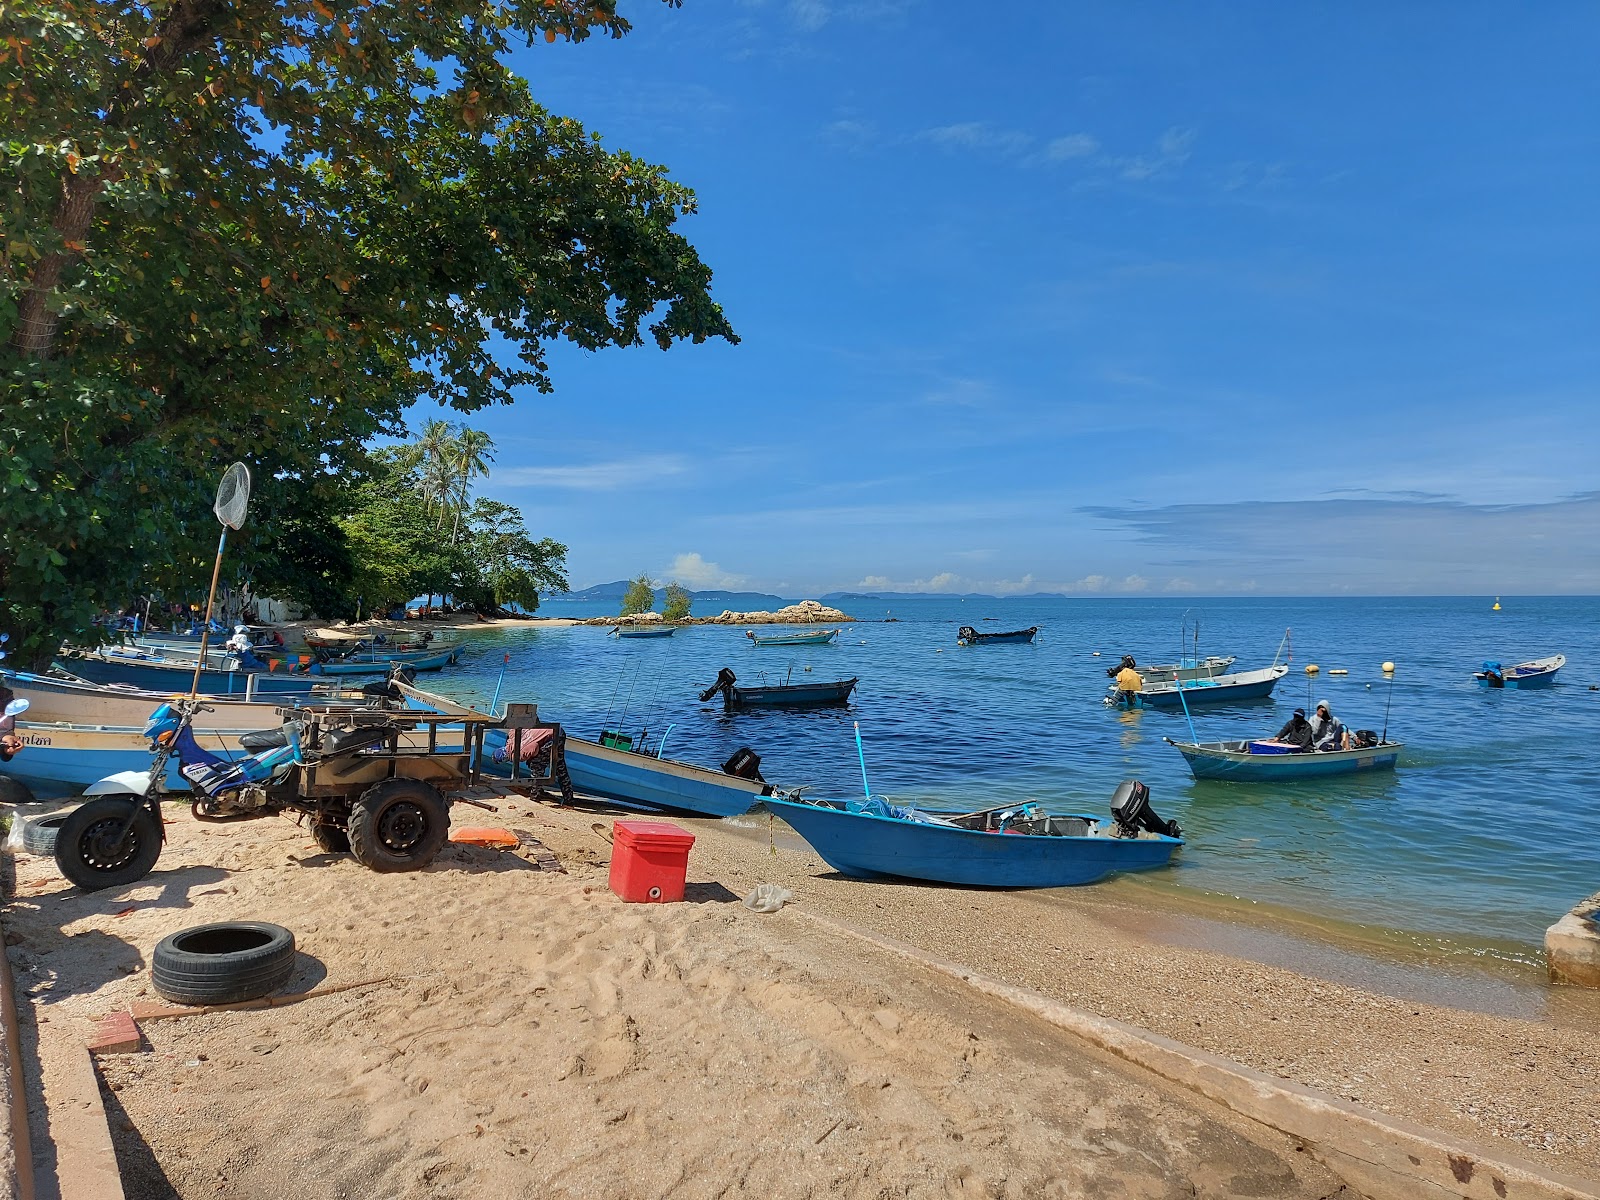 Foto af Wongamat beach - populært sted blandt afslapningskendere
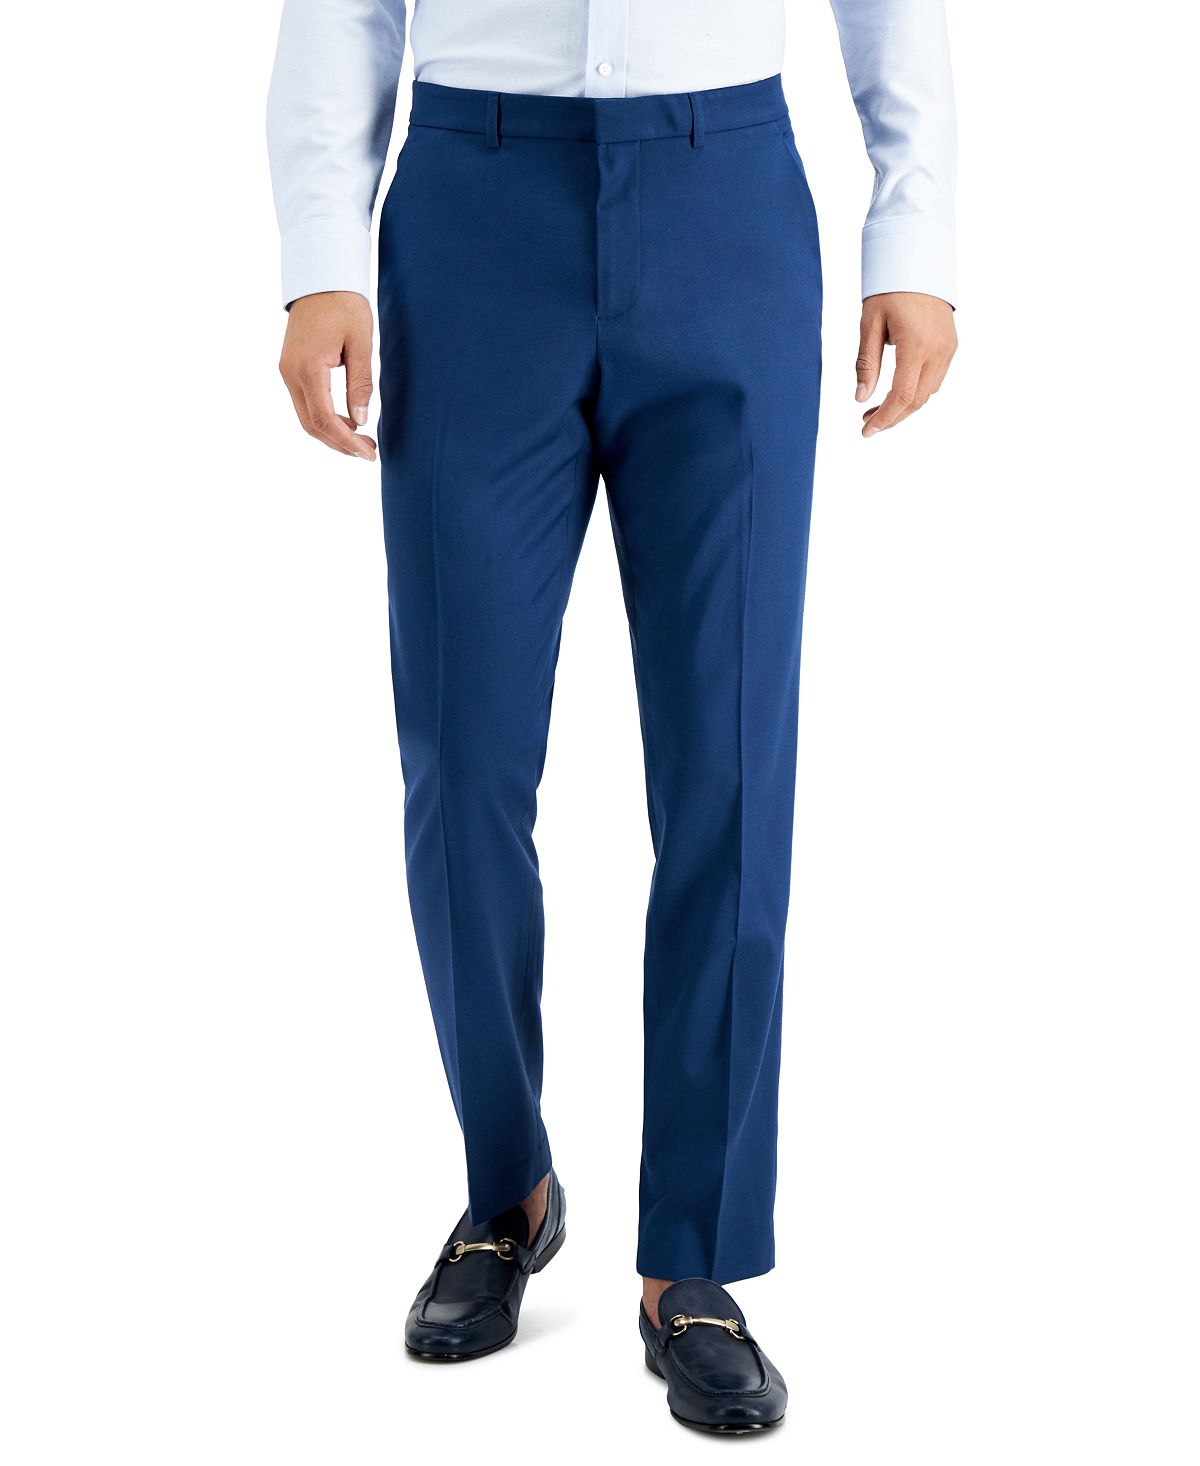 оставайтесь на работе от touson Мужские классические брюки slim fit non-iron performance stretch из меланжевой ткани Perry Ellis Portfolio, мульти
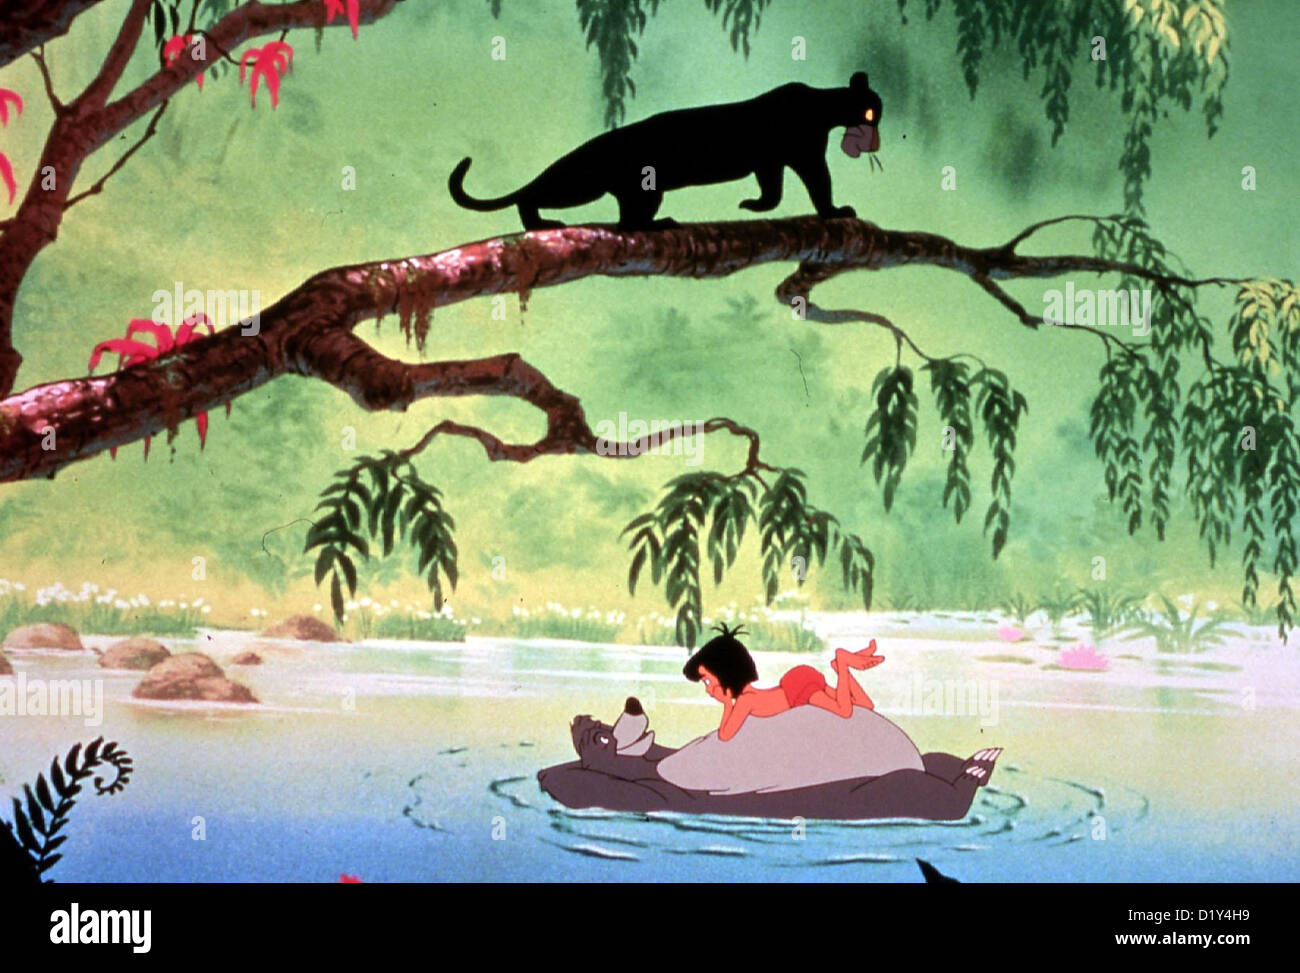 Das Dschungelbuch  Jungle Book,  Mowgli spielt mit Baloo und auf dem Ast lauert der schwarze Panther Baghira *** Local Caption Stock Photo
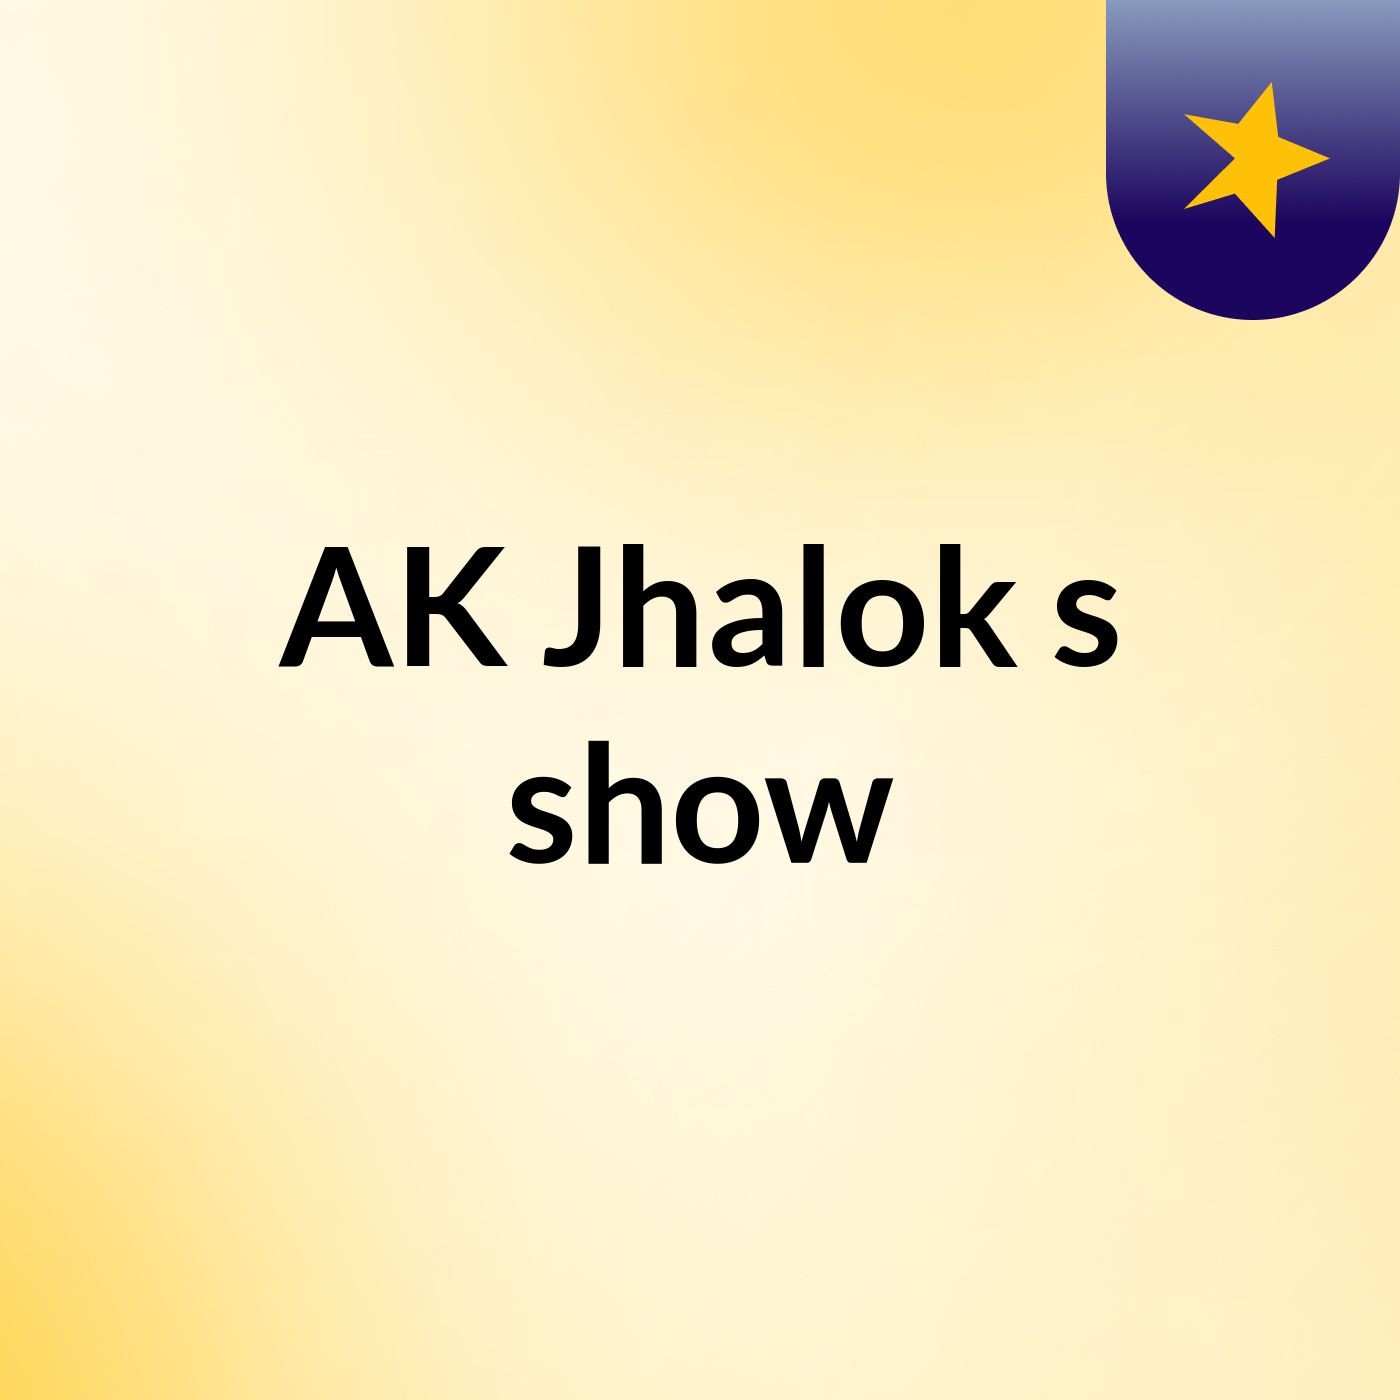 AK Jhalok's show

WHAT NEEDS TO BE DONE >> Line by line and exactly, reproduce the span from the line with "Caption Stock Photo" through the end of the data above, both ends included, with pictures left out.

RESULT OF THE TASK >>
 Das Dschungelbuch  Jungle Book,  Mowgli spielt mit Baloo und auf dem Ast lauert der schwarze Panther Baghira *** Local Caption Stock Photo
 AK Jhalok's show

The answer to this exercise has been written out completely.